Julia Reeves et al. apr peal from a judgment of the district court of Carter county, on appeal from the county court, holding that Mary Louise Little (who sometimes signed her name Mrs. F. E. Little) died testate.
The county court admitted to probate an instrument meeting all of the requirements of 84 O. S. 1941 § 54, as the holographic will of the decedent, and also admitted to probate as a codicil thereto an instrument possessing all of the formal requirements of said statute. The county court held that certain other instruments lacked the statutory requirements and refused them probate as codicils or wills. This,was affirmed by the district court on appeal, and we are asked to hold it erroneous.
There seems to be no serious dispute about the instrument dated March 29, 1938, constituting a holographic will, but our attention is directed to its provisions, which go no further than directing the payment of debts and funeral expenses and naming the executors to serve without bond. Distribution thereunder would follow the statutory scheme. This instrument was delivered by the maker to the persons named co-executors. The other instrument, dated March 22, 1939, and treated as a part of the holographic will, contains certain devises and bequests, and to this extent alters the earlier instrument.
The later instrument contains this language: “You will see when this was dated. Of late I have bin mightly por-ley so you will see the change I have made in the will. ....” This was directed to Mrs. Duke, one of the co-executors named in the earlier will, but was found among decedent’s effects after death.

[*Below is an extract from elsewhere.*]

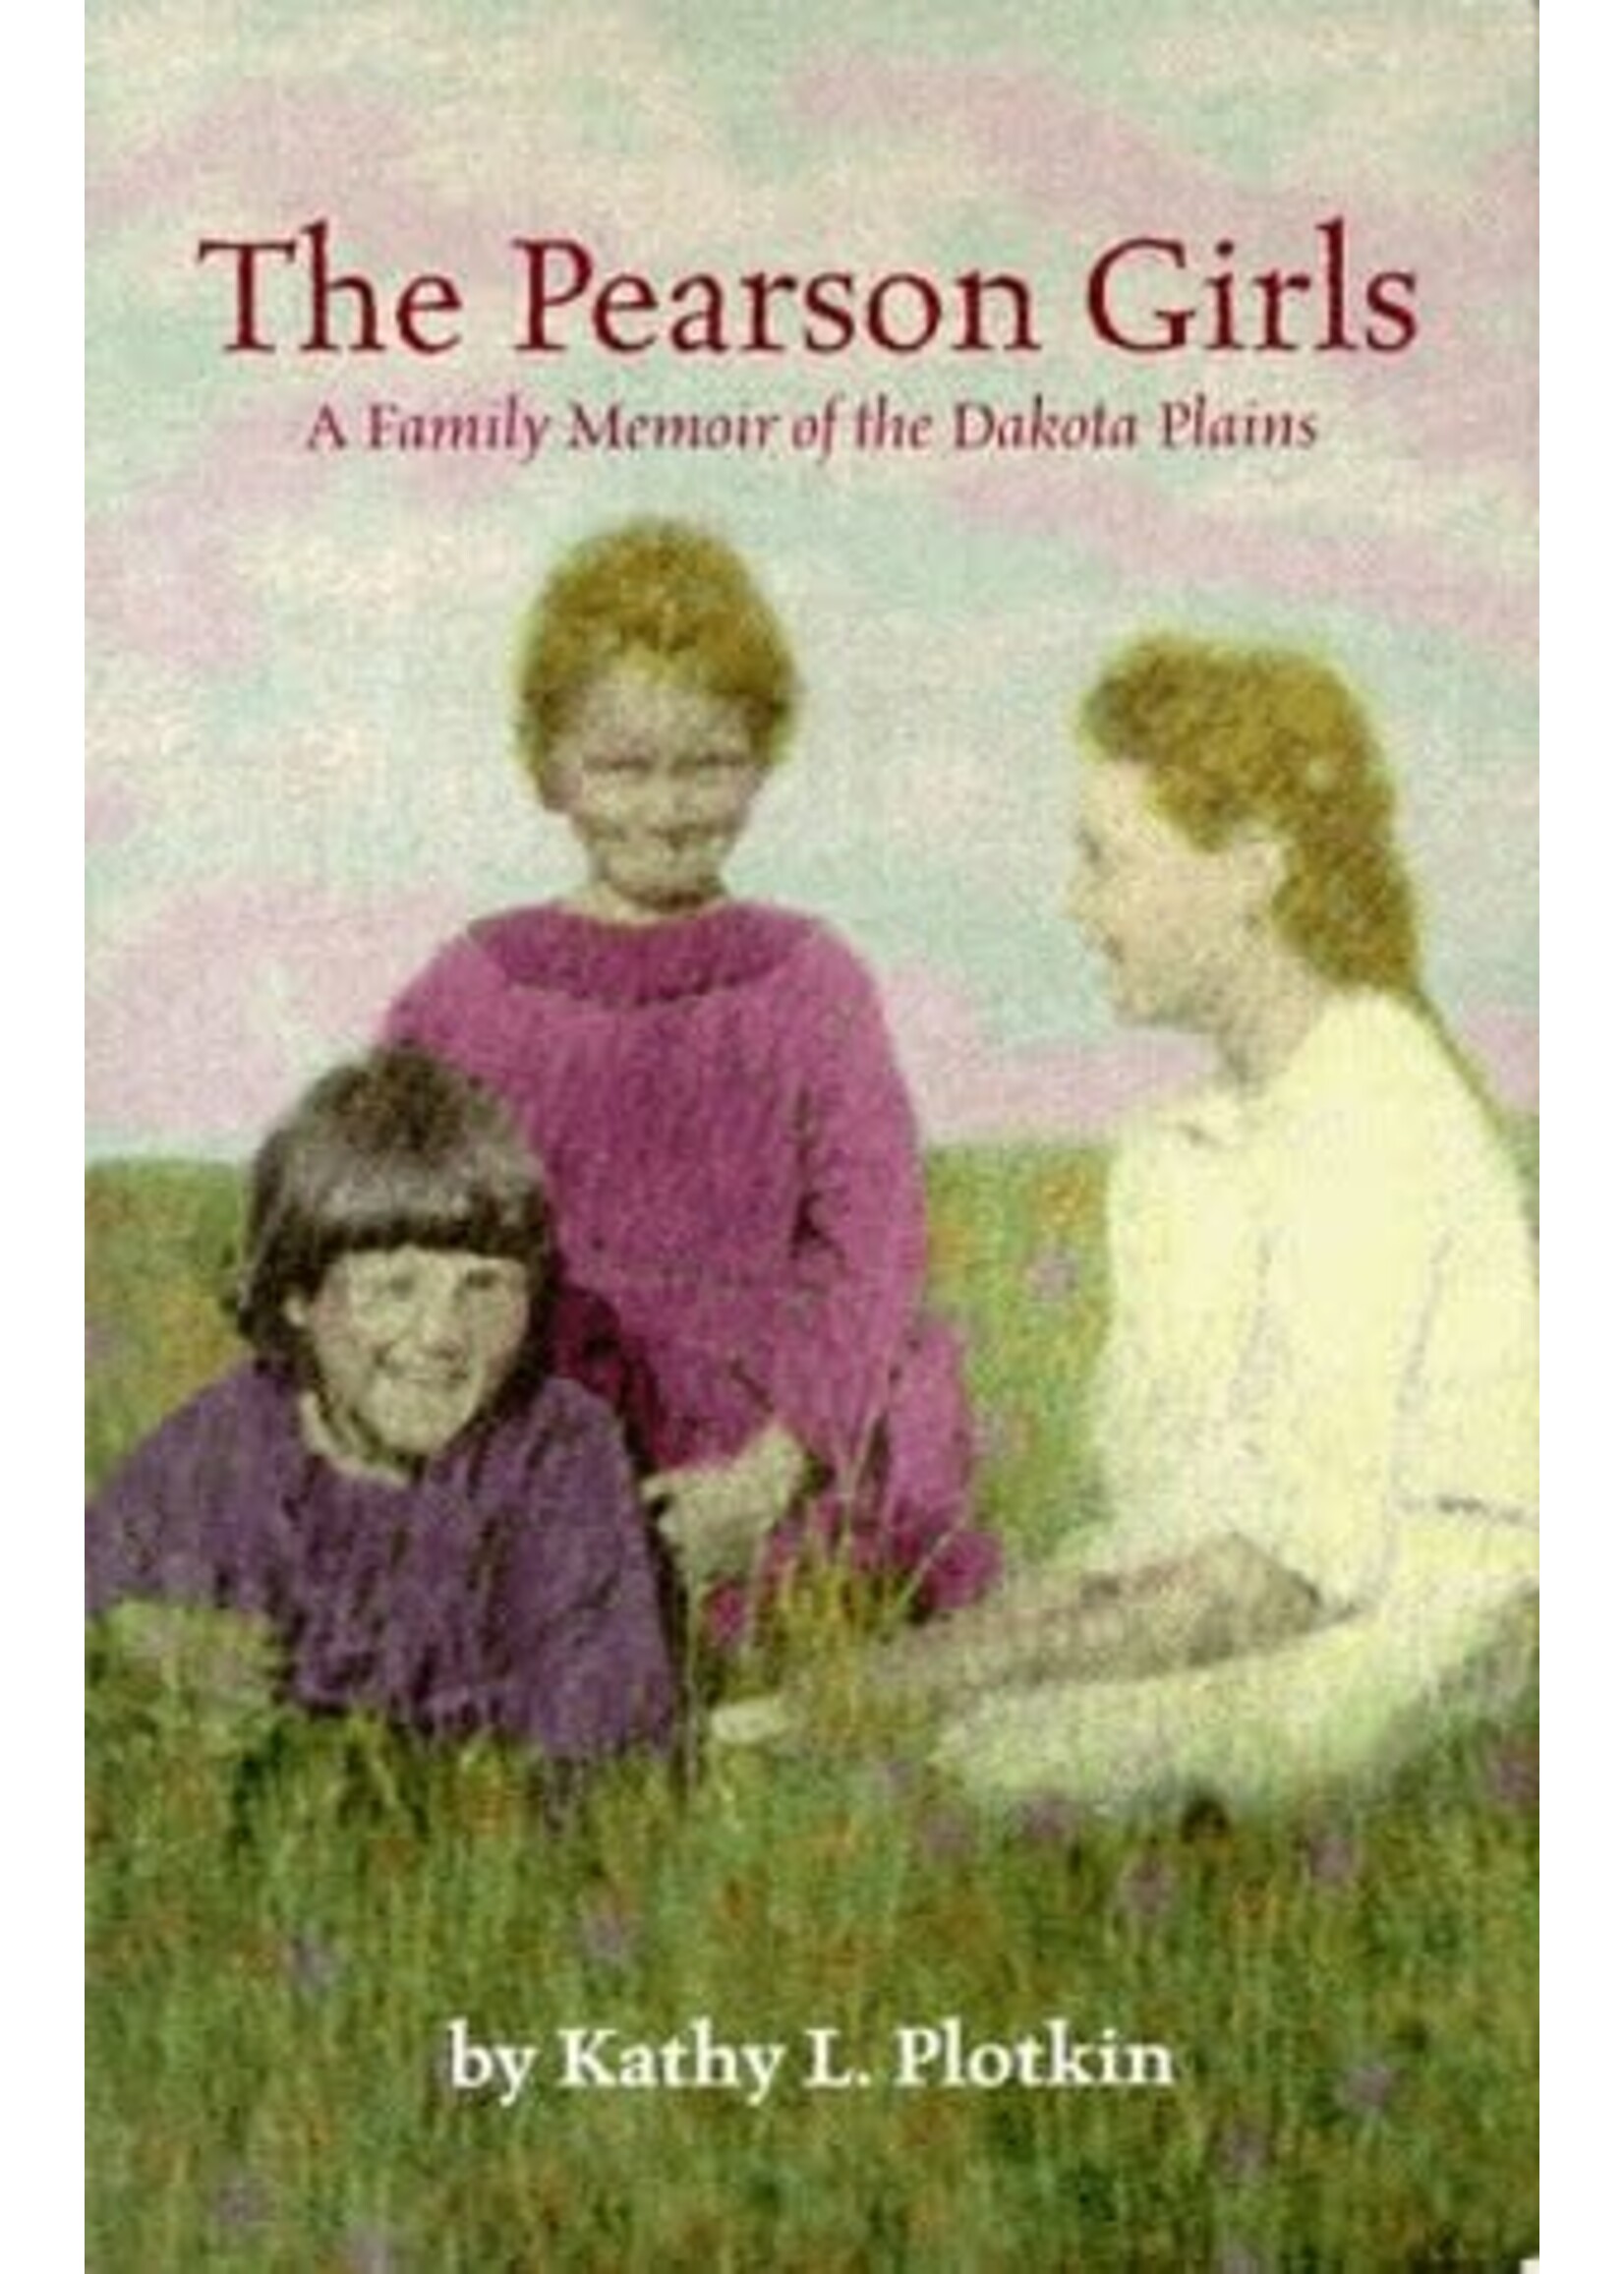 The Pearson Girls: A Family Memoir of the Dakota Plains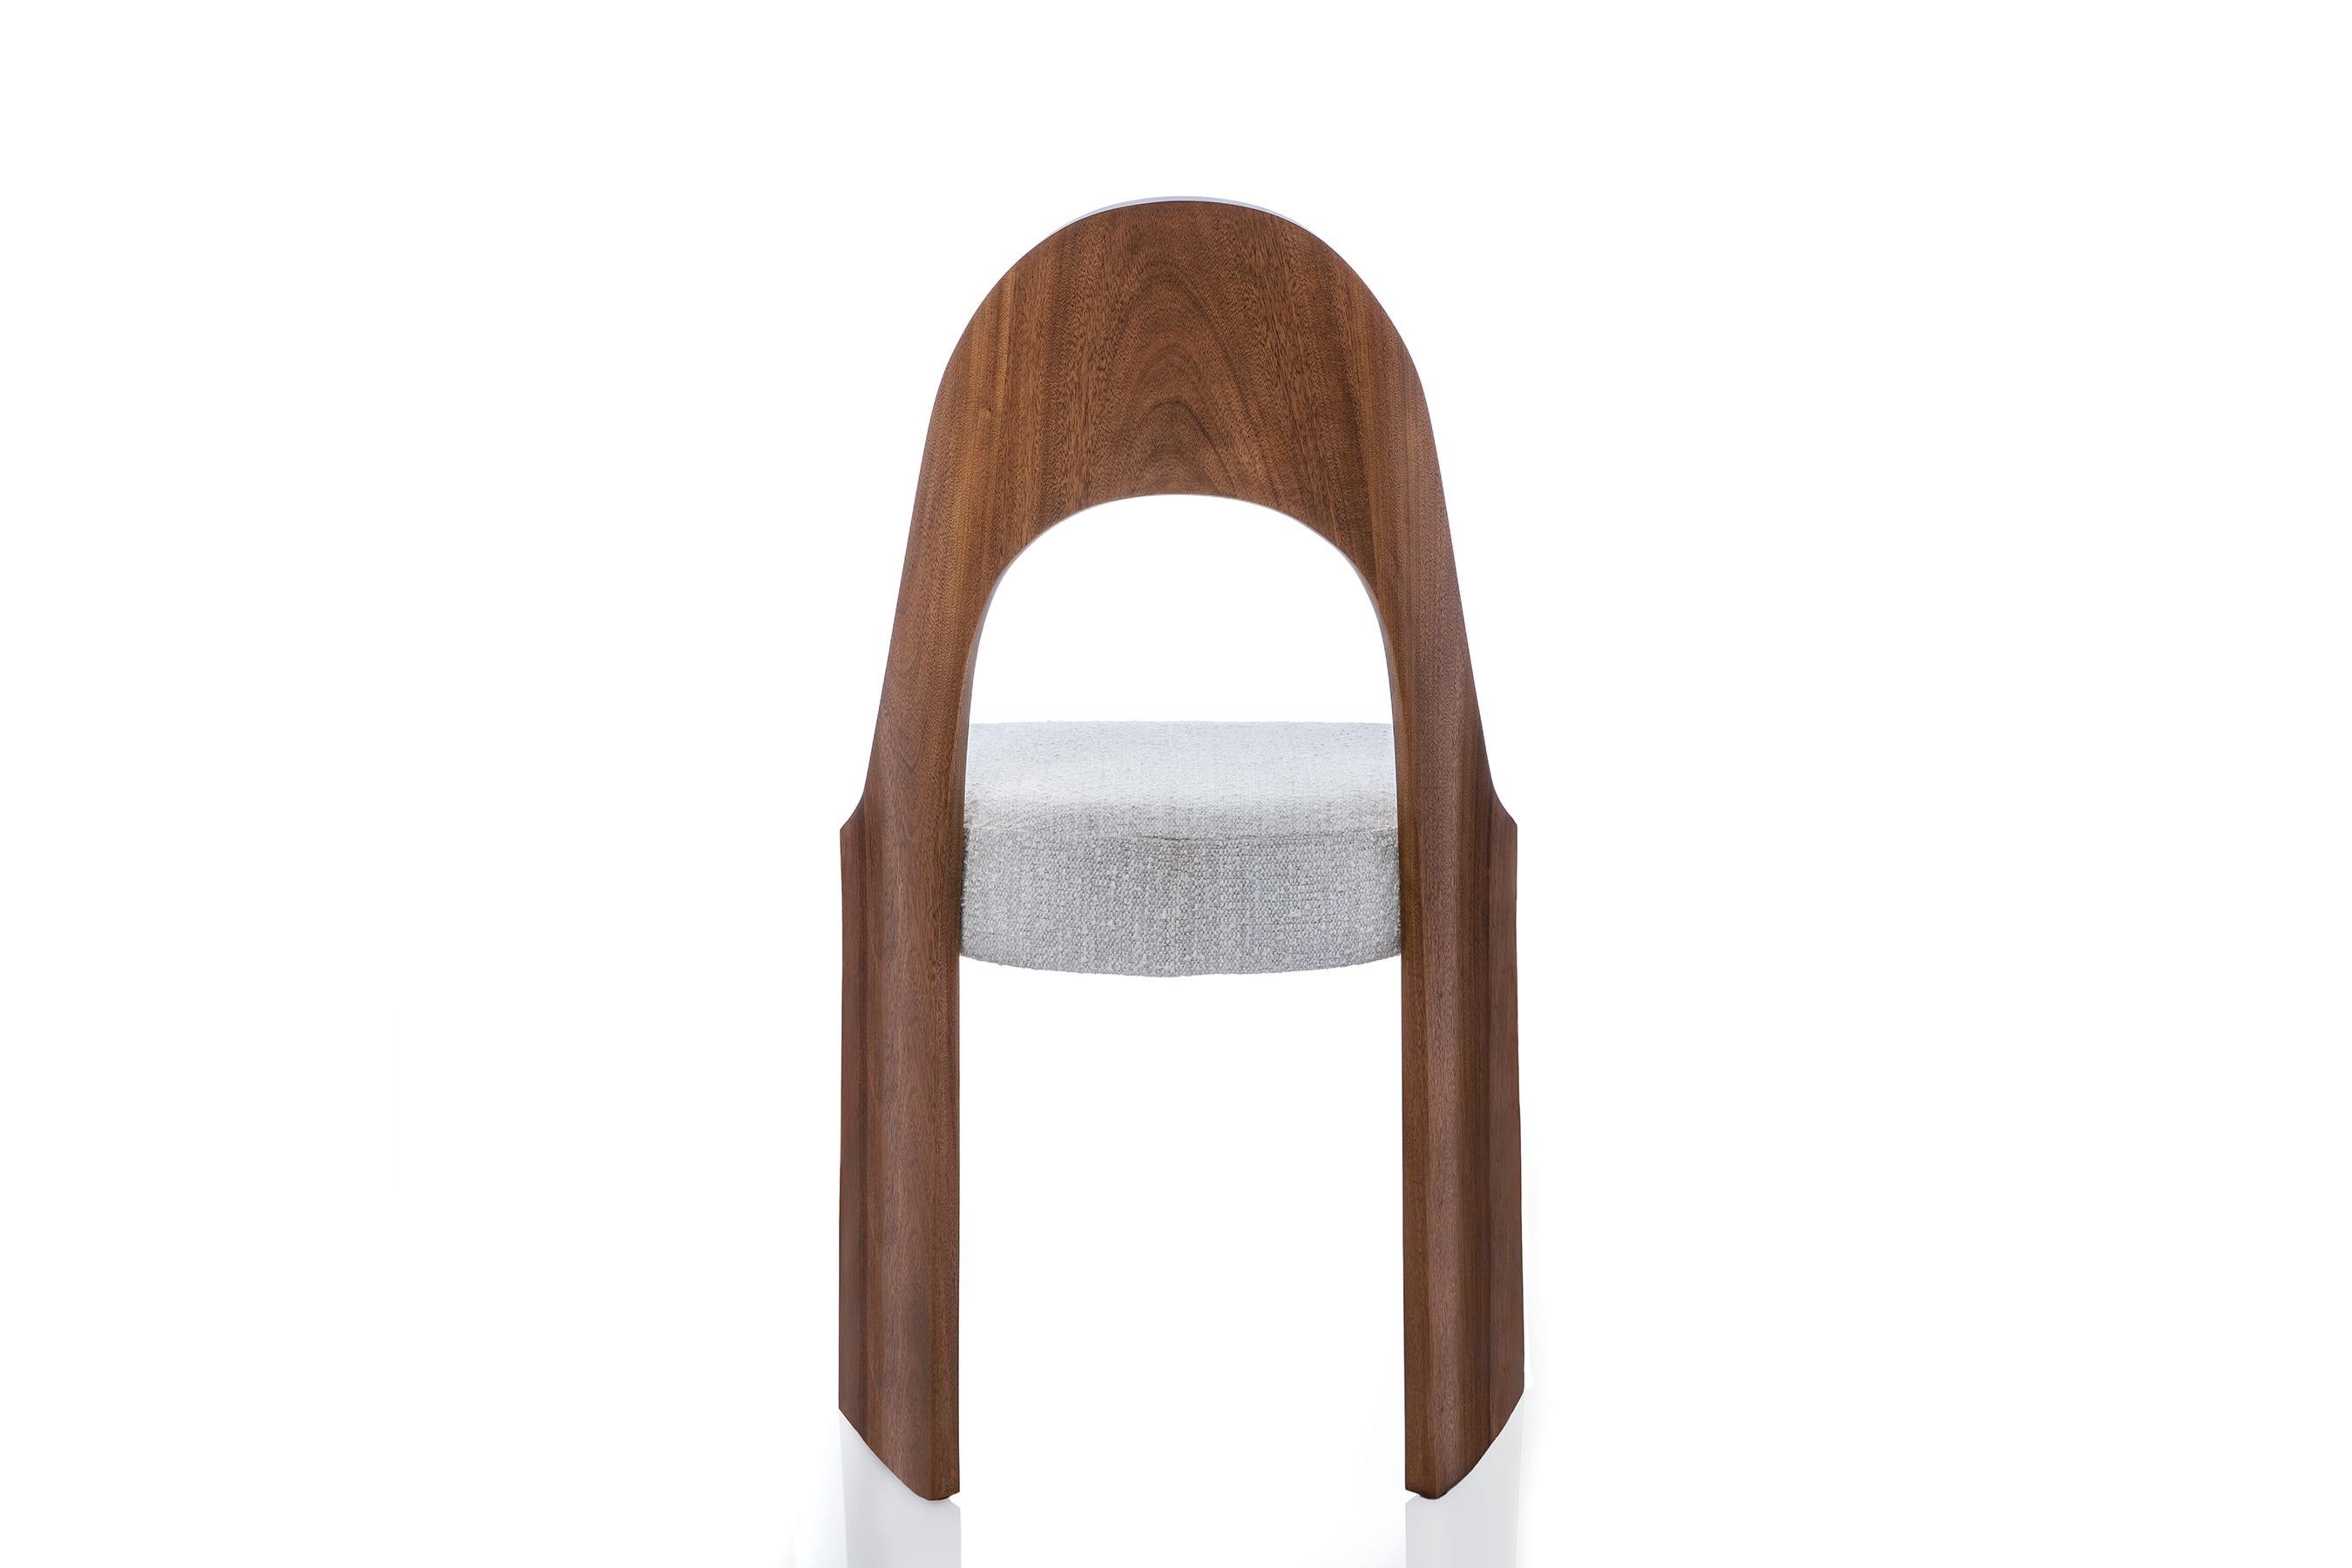 La chaise Gaia est idéale comme chaise d'appoint pour la salle à manger, mais elle peut aussi être placée presque n'importe où comme

There is but one general argument made against the finding that decedent died testate. Our attention is directed to the fact decedent left several writings that partook of the characteristics of wills. From this it is argued that the matter of disposing of her property by will was a thing that constantly occupied the time and attention of decedent. It is argued that , the number of these .writings casts doubt upon the fact of whether the instrument dated March 29, 1938, was actually the instrument she intended to be her will, and it is argued that other instruments might have been intended as a revocation thereof. Such other instruments as were found and introduced in evidence for the purpose of controverting the instruments offered for probate and admitted to probate fail to meet the requirements of 84 O. S. 1941 § 101, as ' construed in Re Ballard’s Estate, 56 Okla. 149, 155 P. 894, and cannot serve as wills that revoked earlier wills. If there was any other instrument more *520effectual in this respect, it was not introduced in evidence. None of the writings offered and rejected contained revocatory language.
It is argued also that the language in the later instrument is not sufficiently descriptive to identify “the will” that was being changed. A codicil to a will need not be on the same paper the will is written on. 68 C. J. 724, § 407, and page 884, § 613. However, when it is on a separate sheet of paper and is found at a place where the will is not kept, there must be something about it or within it that identifies with reasonable certainty the will to which it is to be a codicil. The evidence shows that decedent placed the holographic instrument dated March 29, 1938, in the hands of the co-executors, and gave them to understand what it was. When the letter dated March 22, 1939, directed to Mrs. Duke, was found in the effects of decedent after her death, and, as shown above, expressly referred to “the will,” we think there was sufficient identification of the will intended to be affected. There is no evidence to indicate otherwise. This showing on the part of the proponents required the protestants to assume the burden of proving otherwise. In re Free’s Estate, 181 Okla. 564, 75 P. 2d 476.
Protestants also argue that neither of the instruments alone sufficiently expressed a testamentary intent that could be taken in the sense the term “last will and testament” is usually understood. It is pointed out that the earlier instrument makes no disposition of the property; that the direction to pay debts and funeral expenses adds nothing to what the law requires (84 O. S. 1941 § 41); and that the mere nomination of the executors is not sufficient to support a testamentary writing. With respect to the earlier instrument, we think the language employed clearly evinced an intention to make it a will, and that the omission to distribute property does not deprive it of its testamentary character. It is a will and entitled to probate if it does no more than nominate an executor. 68 C. J. 884, § 612. Whatever shortcomings may be urged against the later instrument, standing alone, as failing to indicate an intention to make it a testamentary instrument, lose their argumentative effect when it is construed as intended to be a codicil to an existing testamentary writing that is sufficient.
The judgment of the trial court is affirmed.
CORN, C. J., GIBSON, V. C. J., and OSBORN, WELCH, HURST, DAVISON, and ARNOLD, JJ., concur. RILEY, J., absent.